Materials and Methods: To identify lipase-producing strains, specific culture media such as tributyrin agar were used, and the secretion of lipase around the bacterial colonies was observed. The isolates were then subjected to biochemical evaluation to determine the strains with the highest enzyme activity. To identify the bacterial strains accurately, PCR was performed targeting conserved 16S rRNA sequences. The PCR products were sequenced and analyzed using the BLAST method for further analysis and identification.
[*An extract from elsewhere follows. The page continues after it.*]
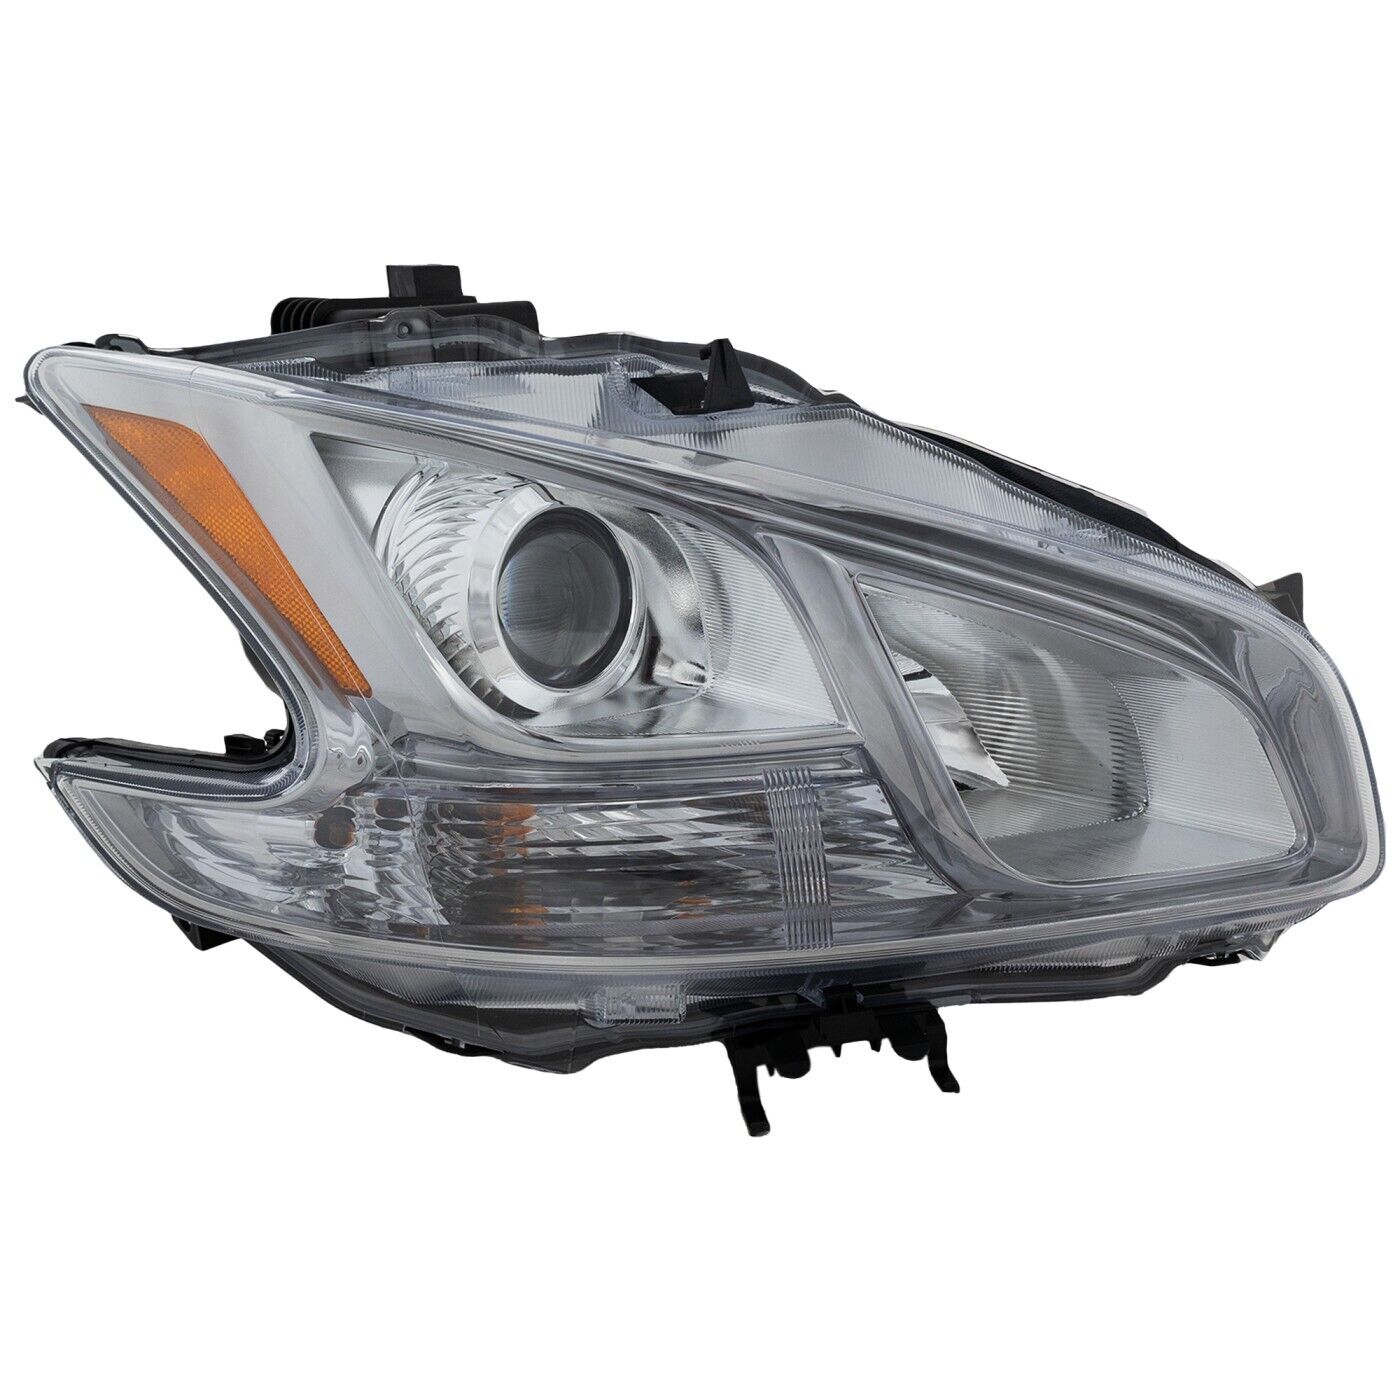 HID Headlight Assembly with Clear Lens Passenger Side For 2009-14 Nissan Maxima
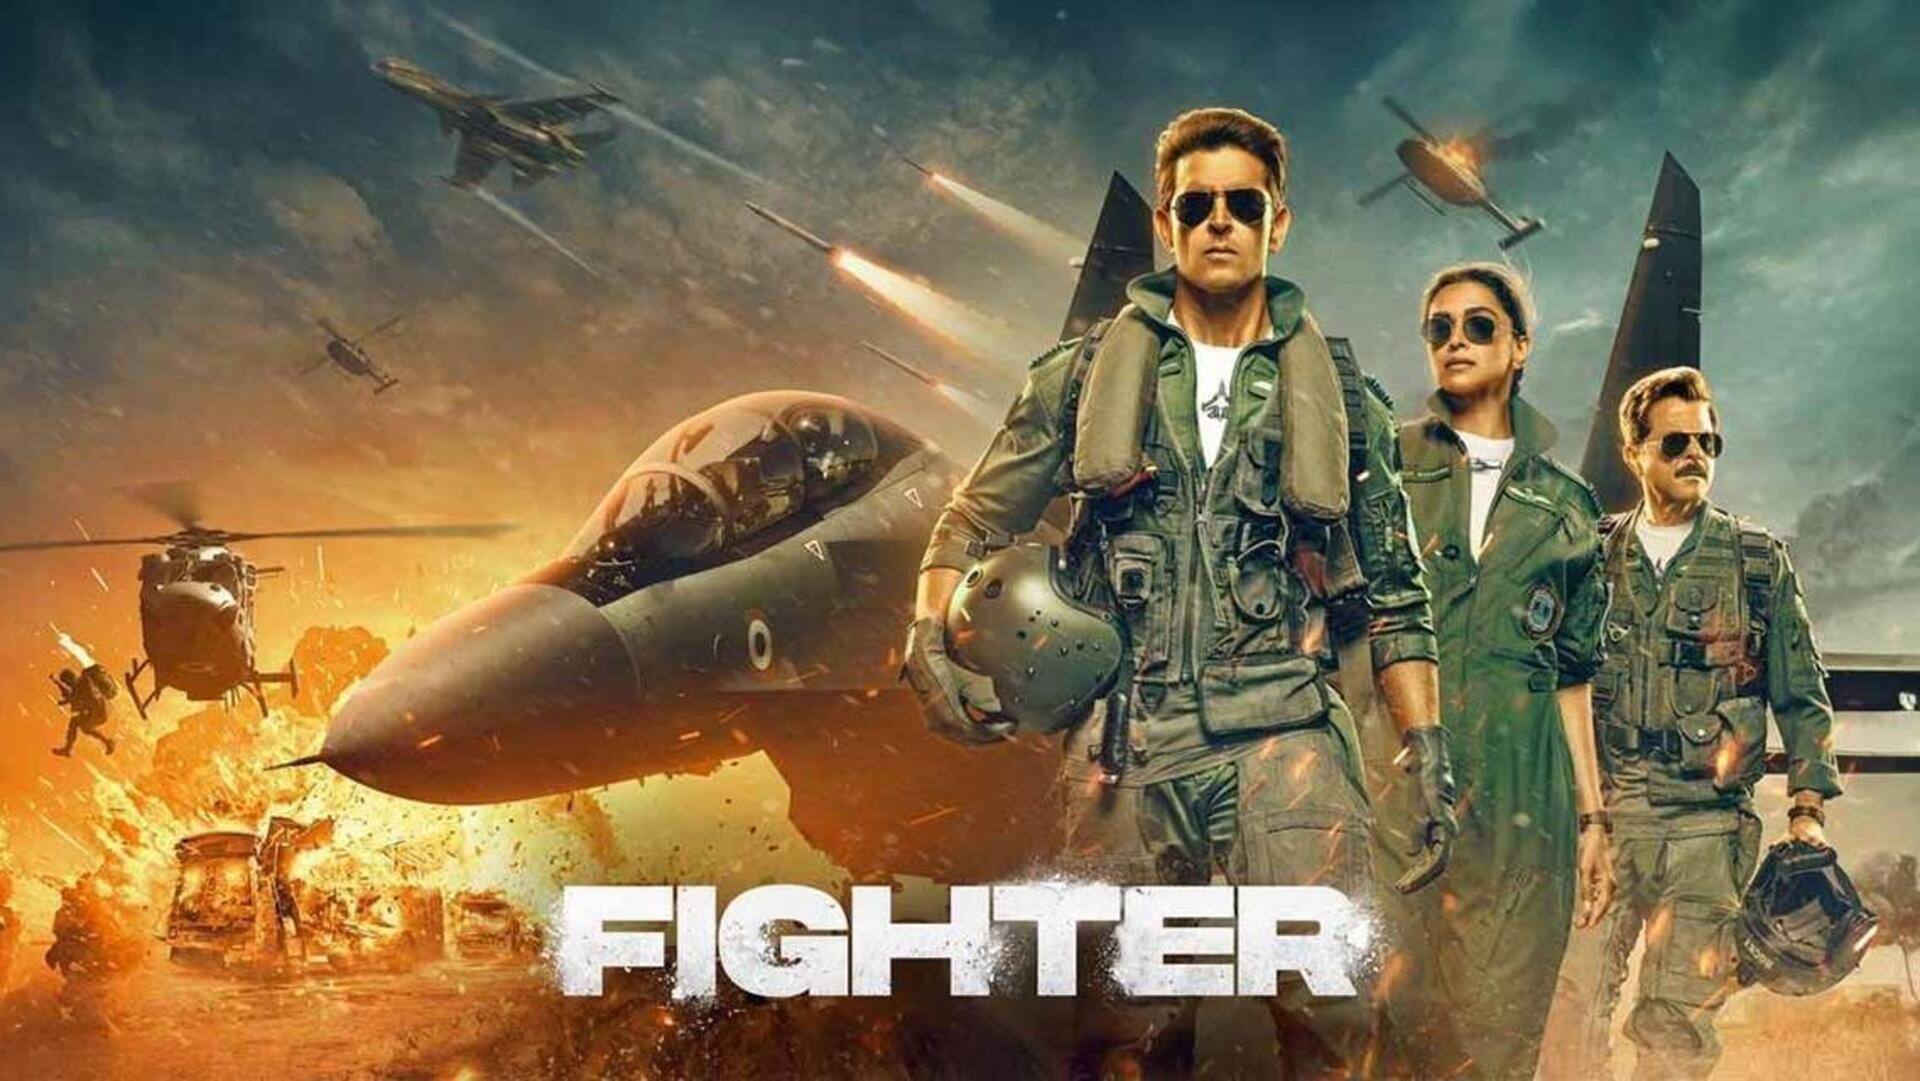 Box office collection: 'Fighter' grows by folds on second weekend

Results: To identify lipase-producing strains, different dilutions of contaminated effluent and soil samples were cultured. Four colonies with the widest transparent halo around them were isolated and purified (R1-R4). Strain R2 exhibited the highest lipase activity with a value of 3.452u/ml, whereas strain R4 displayed the lowest activity at 1.996u/ml. After conducting the molecular evaluation of the isolated strains, it was revealed that strain R1 belonged to Acinetobacter junii strain B2, strain R2 was identified as Rummeliibacillus pycnus strain NBRC 101231, and strain R3 was categorized as Pseudomonas aeruginosa strain HX-2.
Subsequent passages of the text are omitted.